4. The on screen keyboard doesn't have arrow keys like any other touch keyboard. This makes using the terminal just a little difficult since you can't access the previous command that easily. Similarly, it doesn't have ctrl alt etc., so restarting the shell if it gets stuck etc. or bringing up the "looking glass" is a little difficult without a usb keyboard. These aren't usual use cases, but maybe something like a "developer mode" could enable these?
5. The tablet also had a stylus which we managed to lose. It therefore recognises it as a wacom tablet. I clicked on "calibrate" and it brought up a screen with circles in the centre and a cross hair. I couldn't figure out how to get out of it. No gesture worked, not even alt f4 from the USB keyboard. A "cancel" button somewhere would be nice. Also some instructions on what one is supposed to do would help. I think you're supposed to point the stylus at the cross hair, but I'm only guessing here.
I have this tablet for another two weeks, and I'll be happy to test out stuff if any one wants me to.
[1] http://paste.fedoraproject.org/129606/14093240/ [2] https://wiki.gnome.org/Design/OS/Gestures [3] http://fedoraproject.org/wiki/QA:Testcase_Gesture_Support
On Fri, Aug 29, 2014 at 6:00 PM, Ankur Sinha sanjay.ankur@gmail.com wrote:
- The on screen keyboard doesn't automatically come up on the tablet.
Is there a way to check if the system has a connected keyboard and bring it up if one isn't found? I tapped on "Install Fedora" and when I had to type in anaconda, the keyboard didn't come up. I had to quit anaconda, go to settings, enable accessibility and the keyboard and then redo anaconda.
https://bugzilla.gnome.org/show_bug.cgi?id=692771 https://bugzilla.gnome.org/show_bug.cgi?id=677106
b. press and hold worked in the dash, but it didn't bring up the right click menu in nautilus. I haven't figured out how to bring it up yet.

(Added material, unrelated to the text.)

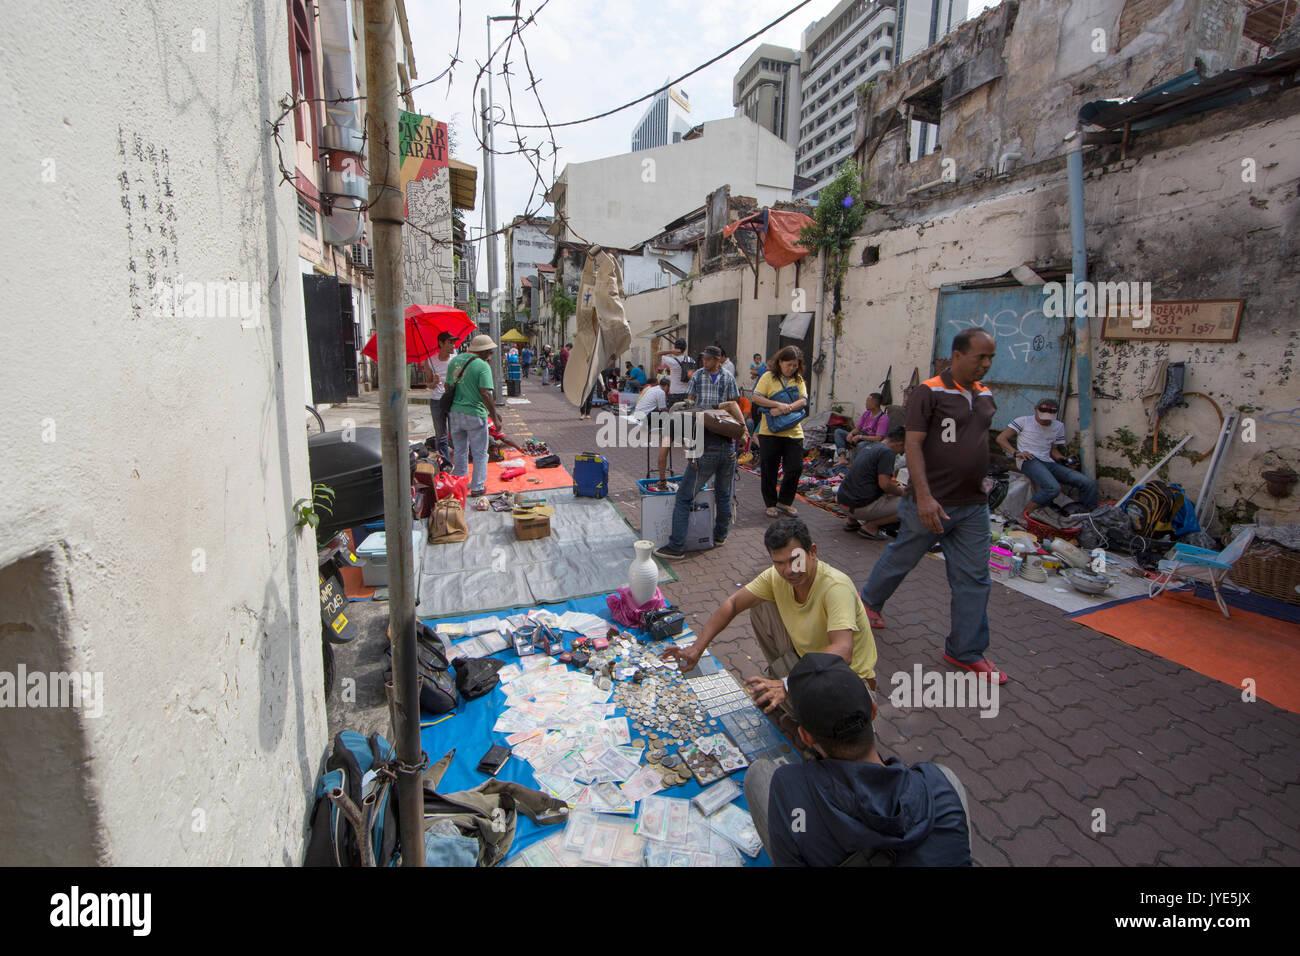 Used items street market in Chinatown, Kuala Lumpur - Stock Image
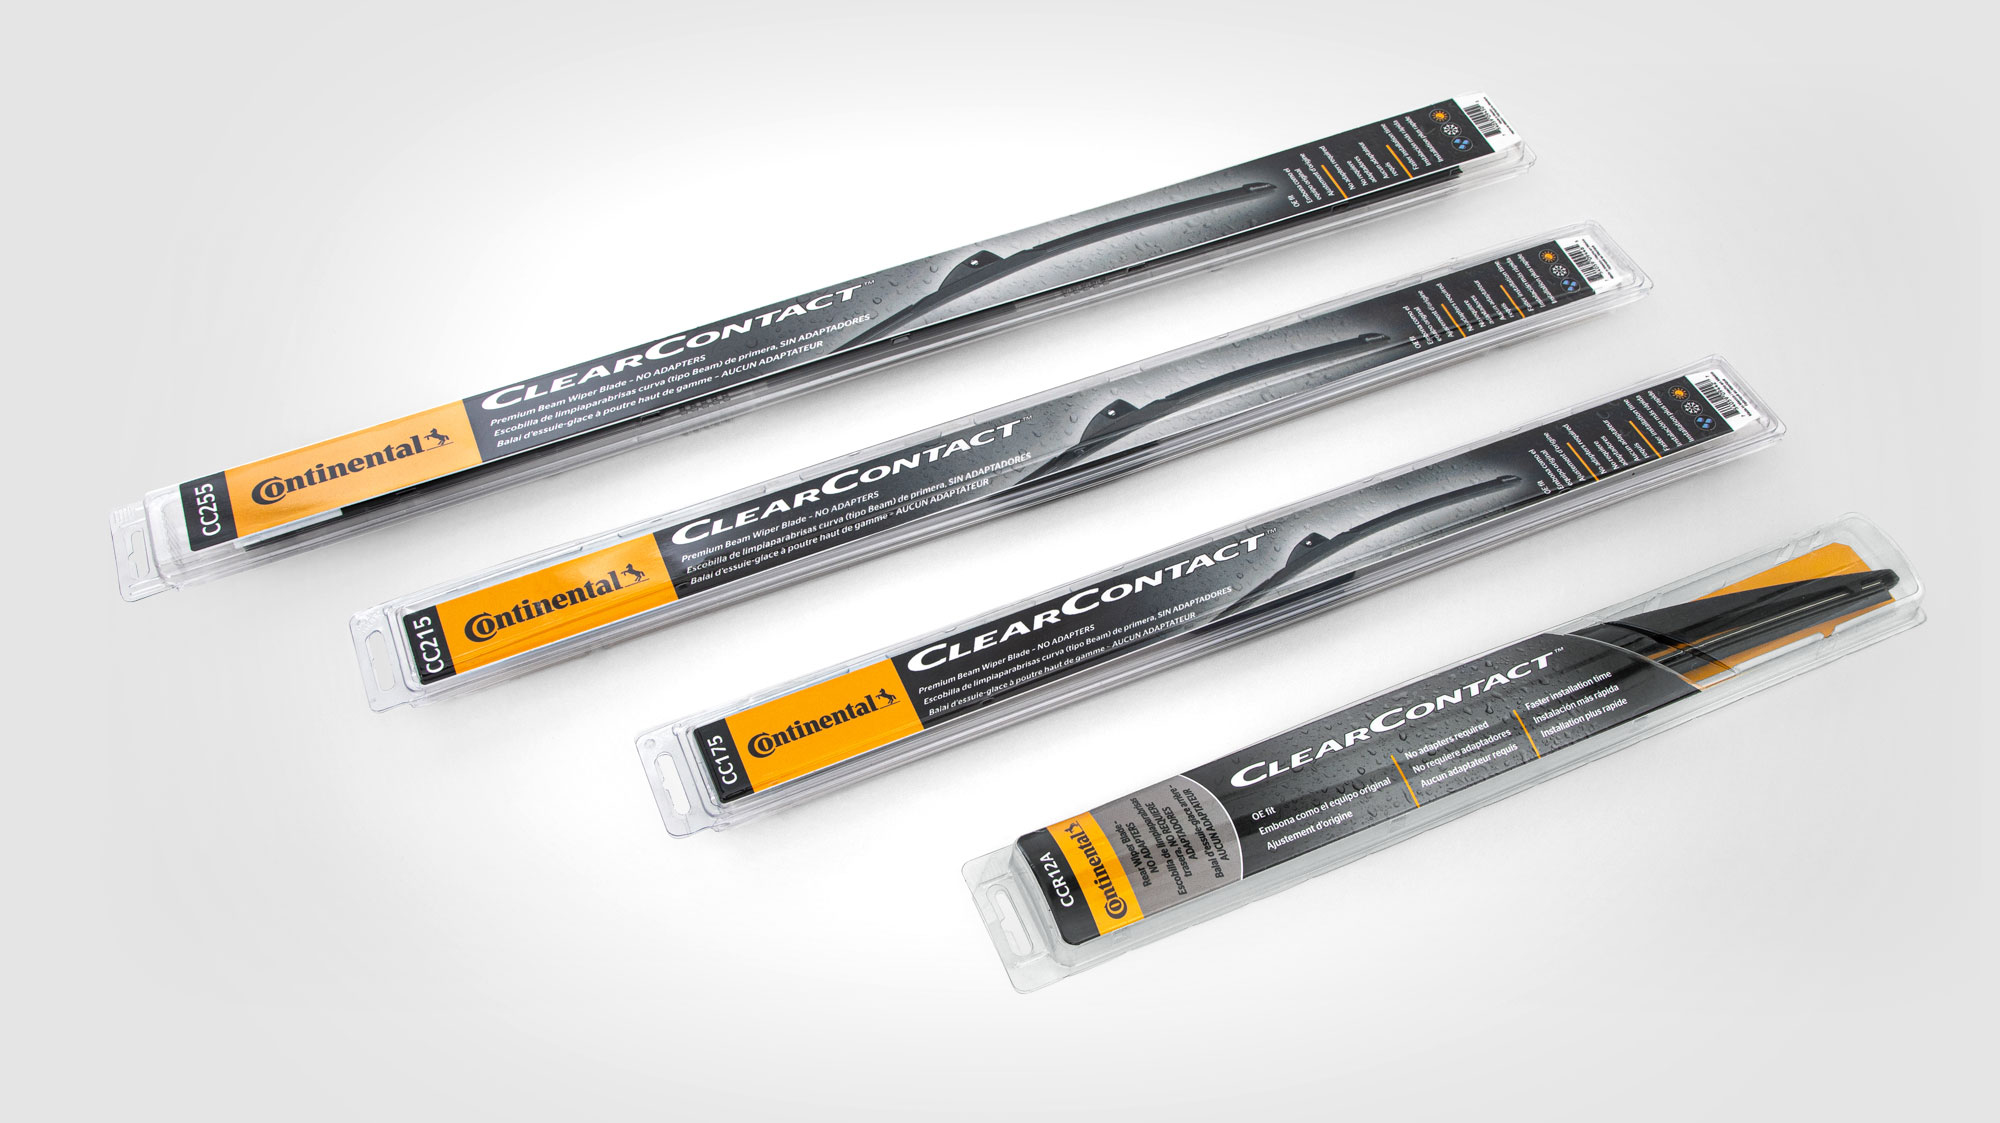 Continental Unveils ClearContact Premium Beam Wiper Blades

https://bugzilla.gnome.org/show_bug.cgi?id=315645
d. pinch to zoom didn't work in maps/shotwell. Worked in eog.
Might worth to file a bug on this one.
e. double tap didn't work in eog either
Maybe it's an eog specific bug?
f. three finger pinch didn't bring up overview
I'm not sure if I can reproduce this or if this gesture is just really hard for me to do. anyway, one finger swipe from the left edge brings up the app switcher, and one finger swipe towards the hot corner brings up the overview, so I don't think that's too critical :)
- The on screen keyboard doesn't work too well. At the moment, each key
I press is typed in twice somehow - even after rebooting. I had to plug in a usb keyboard to complete the g-i-s configuration.
It is generally known that the OSK isn't quite good right now, however I couldn't find a bug for this specific issue. You probably want to file it.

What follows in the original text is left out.